--- EXERCISE ---
The required output is the exact text of the lines from the line containing "Villa were understrength, but" through the final line below, inclusive, without pictures.

*** COLLECTED DATA ***

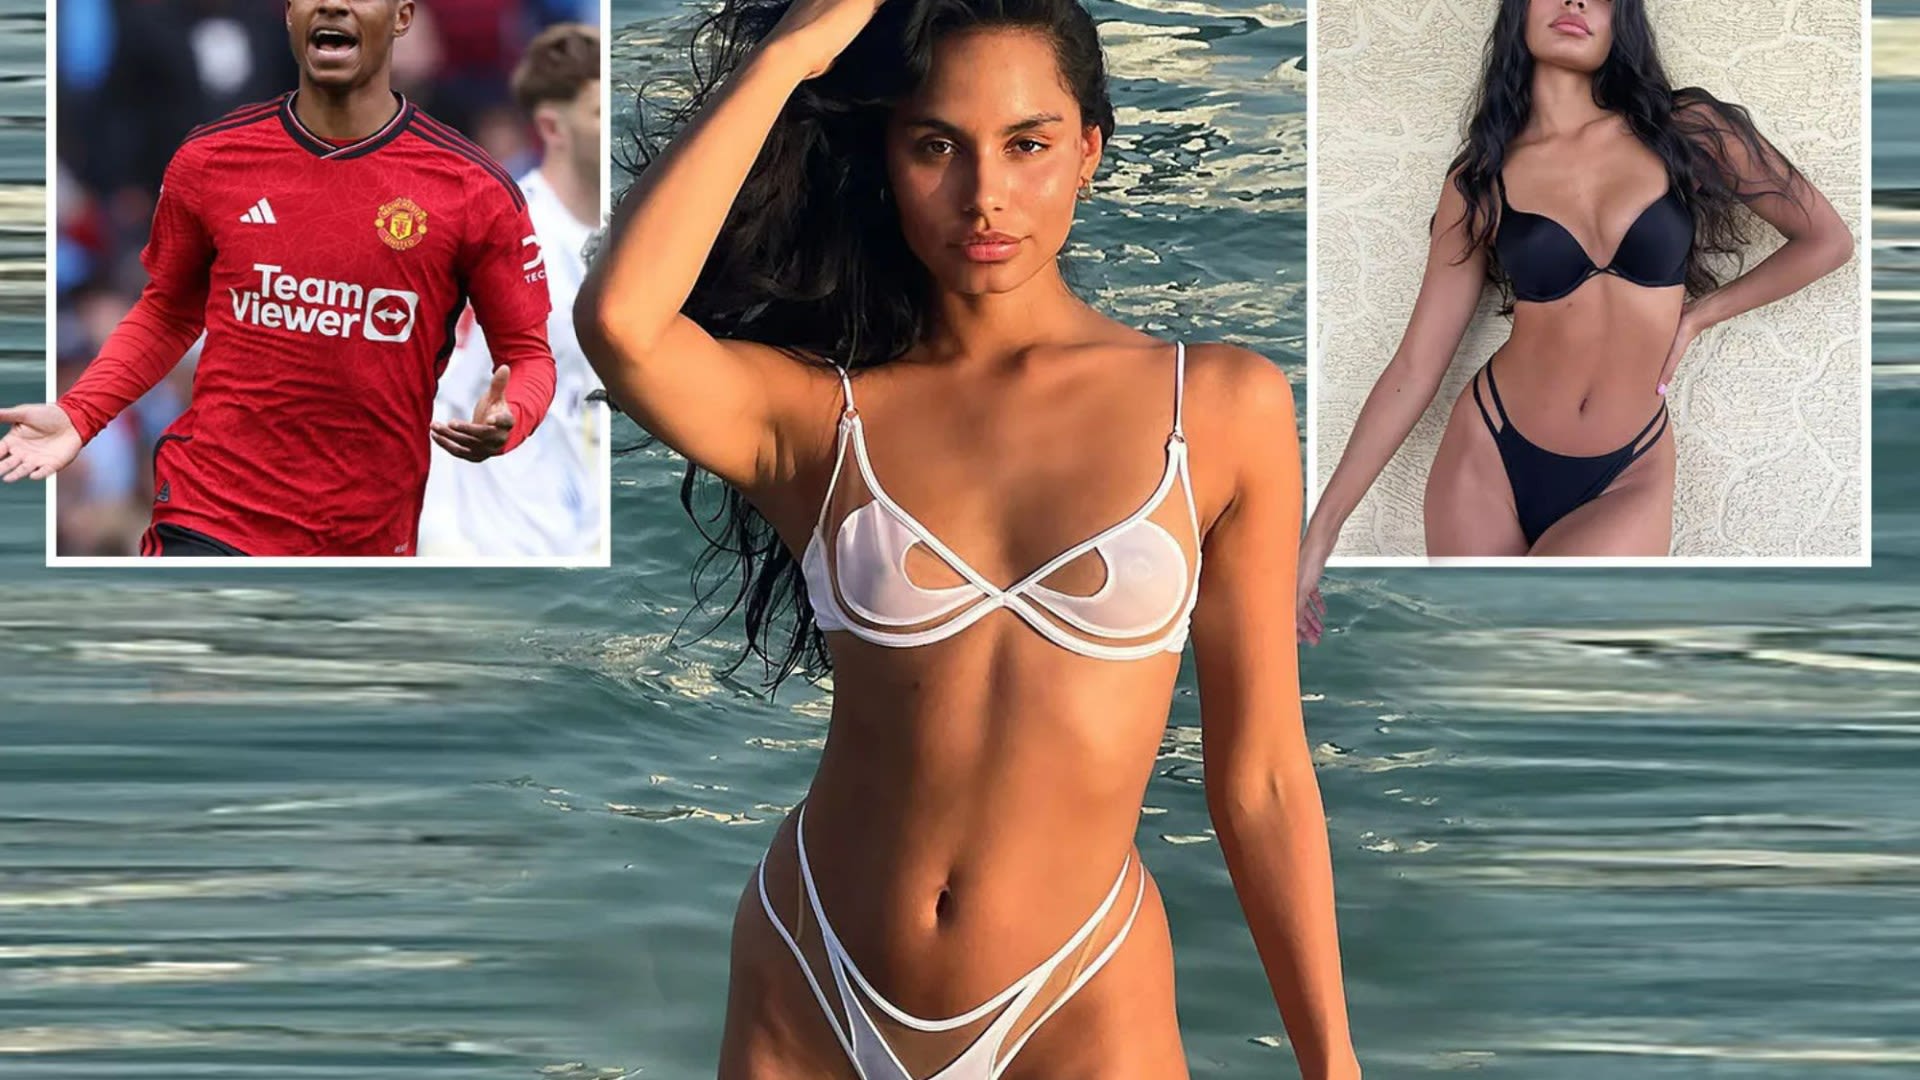 Marcus Rashford grows close to Colombian model after cosying up at nightclub
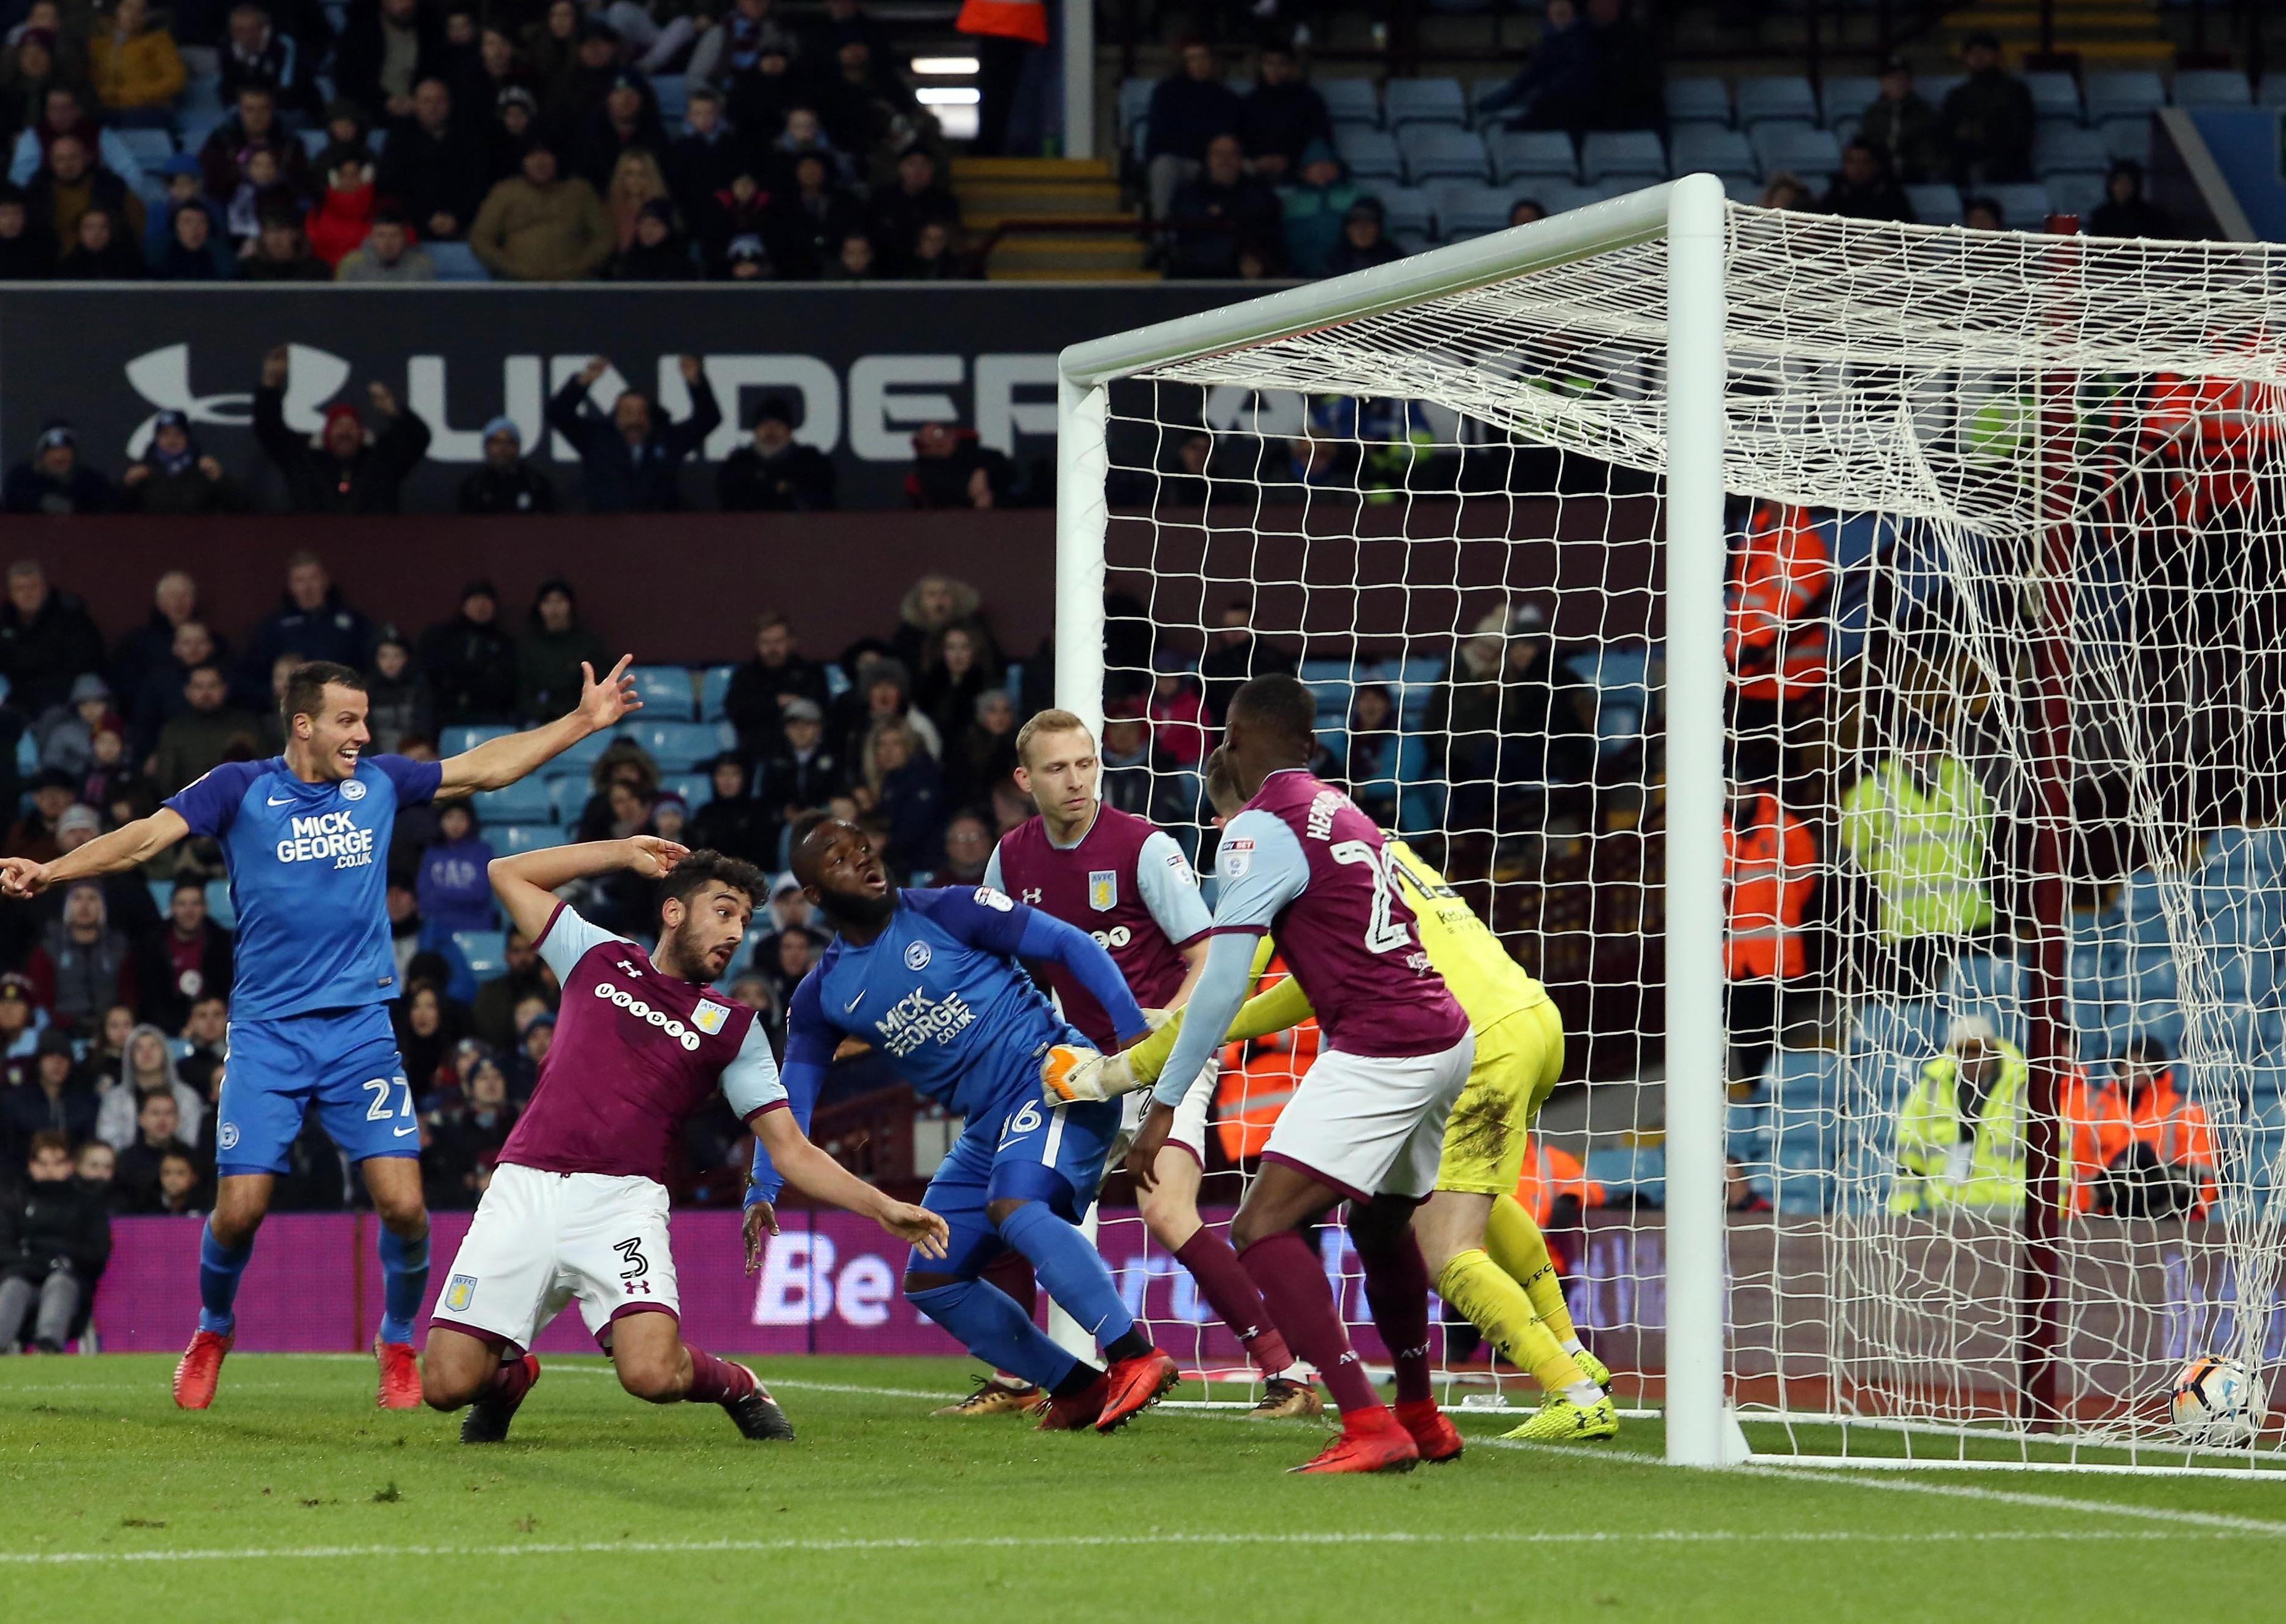 Villa were understrength, but Posh never played better under Grant McCann coming from behind to win 3-1 with goals from Jack Marriott (2) and Ryan Tafazolli.
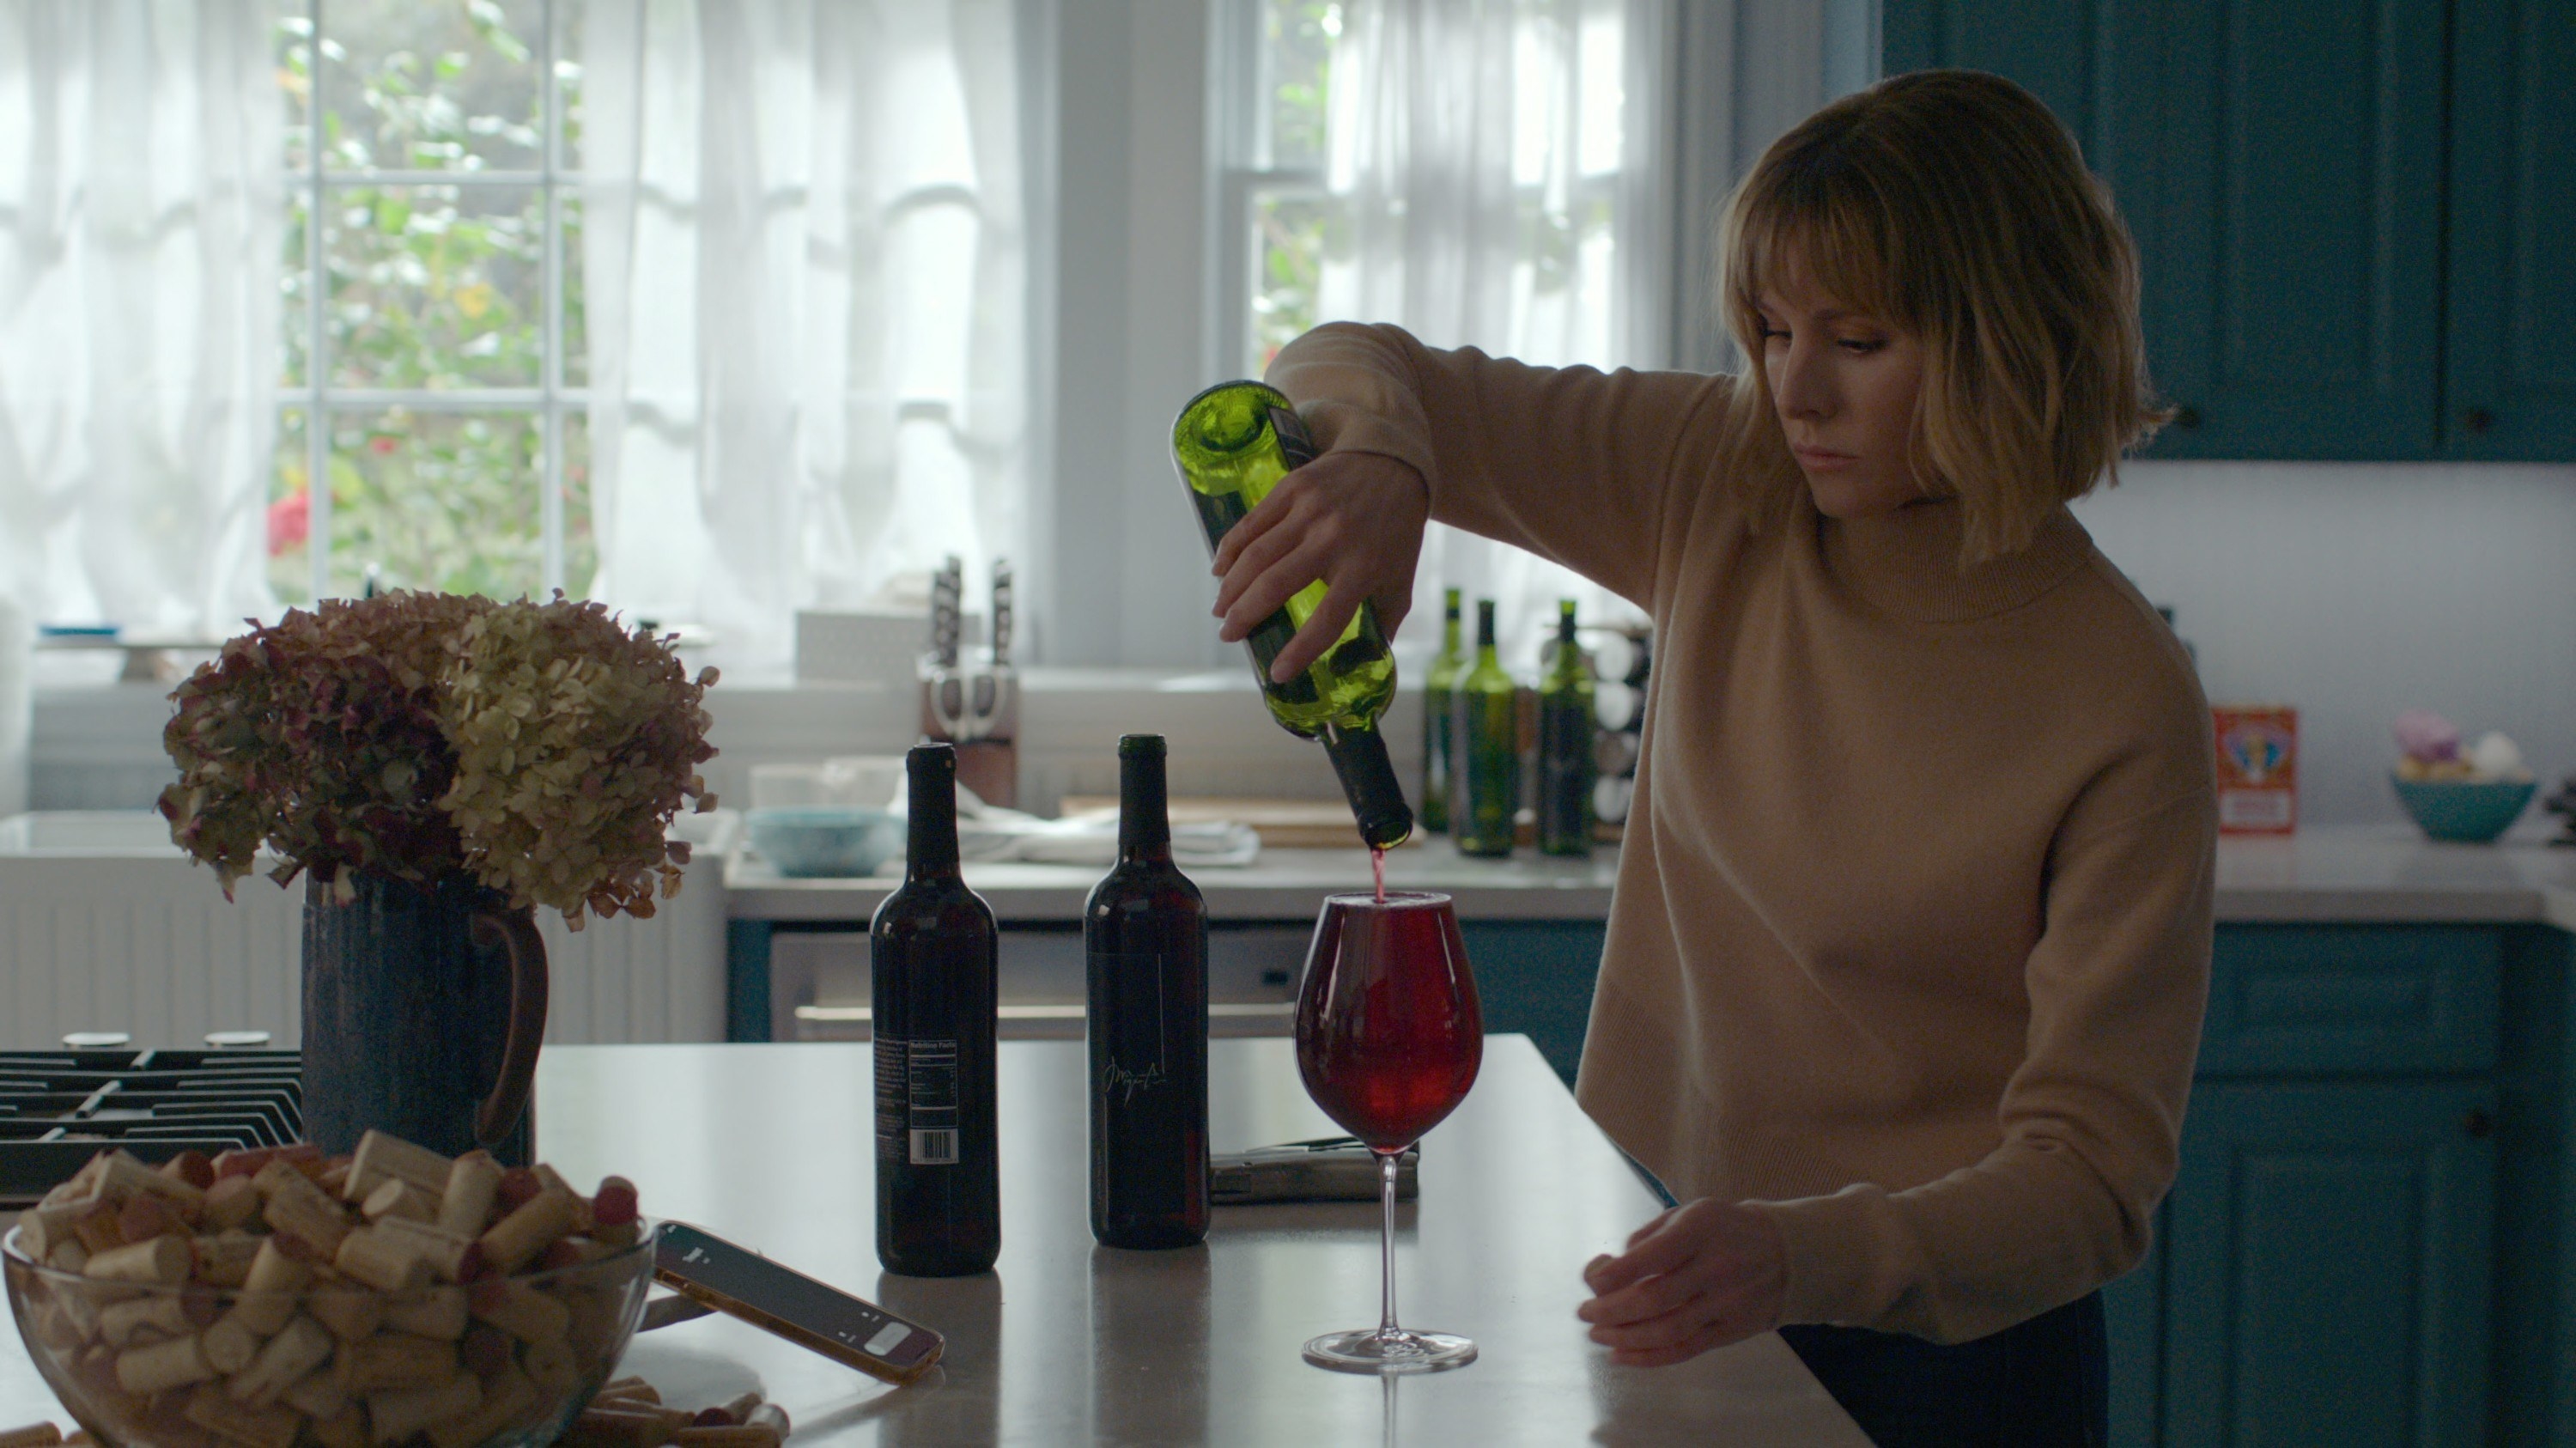 Kristin&#x27;s character standing at the kitchen island filling a wine glass to the brim and three empty wine bottles on the counter behind her

*** End of COLLECTED DATA ***

--- REPLY TO THE TASK ---
 Villa were understrength, but Posh never played better under Grant McCann coming from behind to win 3-1 with goals from Jack Marriott (2) and Ryan Tafazolli.
 Kristin&#x27;s character standing at the kitchen island filling a wine glass to the brim and three empty wine bottles on the counter behind her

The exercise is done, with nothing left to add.